# How to split in decision trees? 

In every spltiting step we maximize the information gain using entropy. 

Let $X$ be a discrete random variable with possible values $\{x_1, x_2, \ldots, x_n\}$ and probability function $\mathbb P (X)$. Then the entropy is 
$$
H(X) := -\sum_{i=1}^n P(X = x_i) \log(\mathbb P(X = x_i))
$$

Let $m$ be the number of samples in a node and $k$ be the number of output classes. For each $i = 1, \ldots, k$, $m_i$ samples of the node belong to class $i$. Then the entropy of this node is 
$$
H = - \sum_{i=1}^k \frac{m_i}{m} \log \big(\frac{m_i}{m}\big)
$$

Let $n$ be the number of features. For each feature $F \in \{ 1, \ldots, n\}$ we can perform a split of the node. The feature $F$ can have $f_F$ possible values. 

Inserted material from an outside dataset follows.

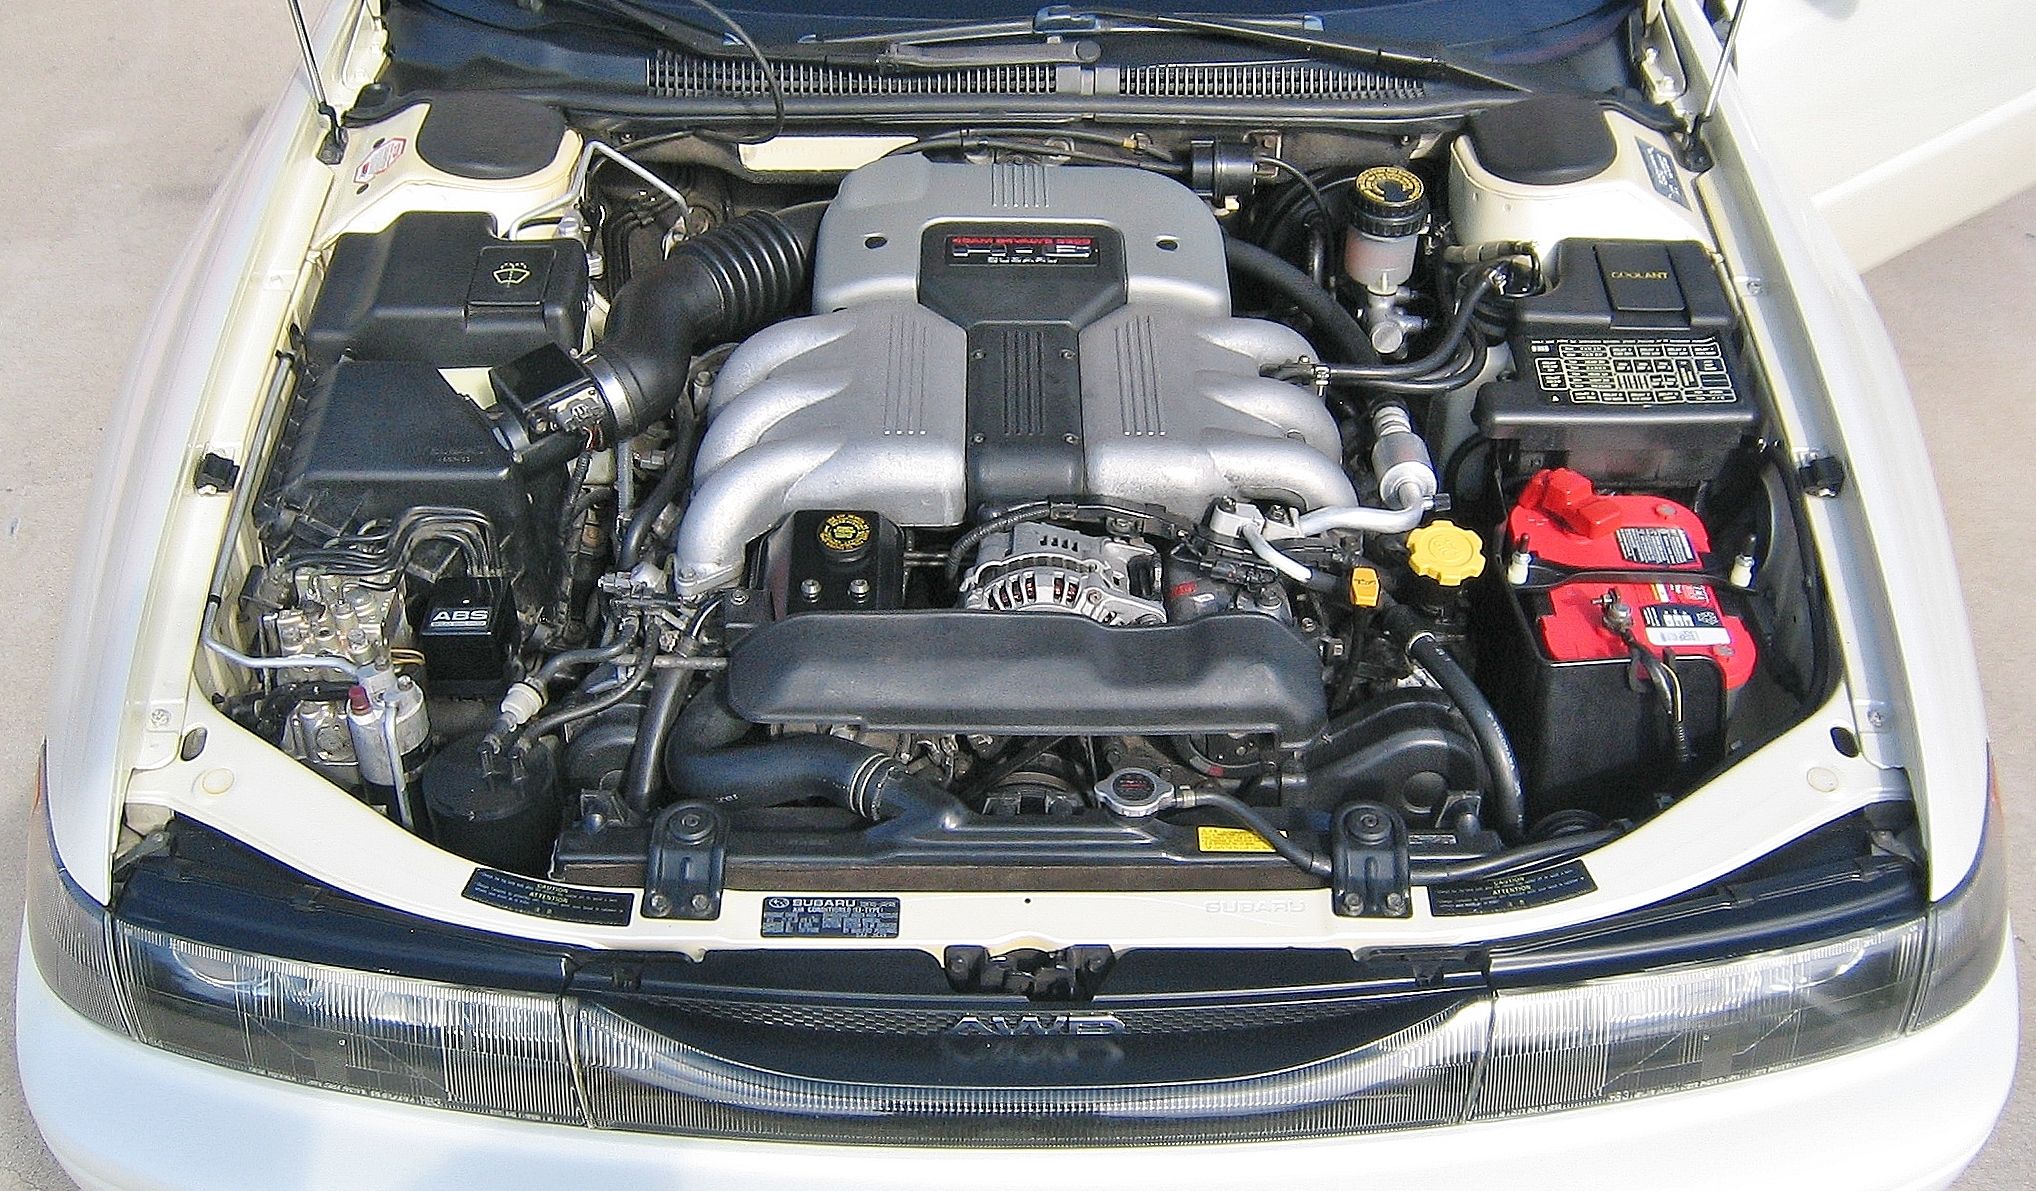 Subaru SVX engine, EG33

For each $i = 1, \ldots, f_F$ the number $m_i^F$ is the number of samples, part of the parent node that accept the value $i$ as feature $F$. 

Then 
$$
\sum_{i=1}^{f_F} \frac{m_i^F}{m} H_i 
$$
is the entropy of the split. 

For each feature $F \in \{1, \ldots, n\}$, we calculate the entropy of the split. Finally, we split wrt feature 
$$
\underset{F\in\{1, \ldots, n\}}{\arg\min} \sum_{i=1}^{f_F} \frac{m_i^F}{m} H_i
$$

**Note:** Can also split using Gini index instead of Entropy.

# When to stop splitting

What can happen when we split:

1. Perfect split (Entropy 0).
2. No samples anymore, or conflicting case
3. No splitting brings improvement in entropy. Predict majority class. 

## Pruning

Pruning is a method to prevent overfitting. check using a $\chi^2$ test if the split is significant or just by chance.

## Ensemble methods

"Two heads are smarter than one"

We improve fitting by combining models. Combination of models are generally known as **model ensembles**. 

Pros:

* Average measurements can lead to more stable and reliable estimates because we reduce the influence of random fluctuations of single samples
* By combining different models, the models overcome the shortcomings of a single model

### How to achieve diversity

* Use only a subset of train data
* Use only a subset of features
* Use different **methods**

# Bagging

Let $T$ be the number of models. To train:  
```
for t = 1, ..., T
    * Draw random subset with replacement from train data
    * Fit a model M_t with the drawn train samples
```

For each test sample:  
```
for t = 1, ..., T
    Use model M_t to predict outcome
    Take average/vote of all predictions
```

The models `M_t` are usually from the same method. Bagging is used for all kinds of methods. 

# Random forests

For training a random forest:
```
Fix T, the number of models to train.
for t = 1, ..., T:
    * Draw a random subset of the train data (with replacement)
    * Draw a random subset of features (without replacement) of size ñ
    * Fit model M_t with drawn train data and features
```

**Note:** random forests are only used for decision trees. 

**Note:** the testing step works the same way as for Bagging.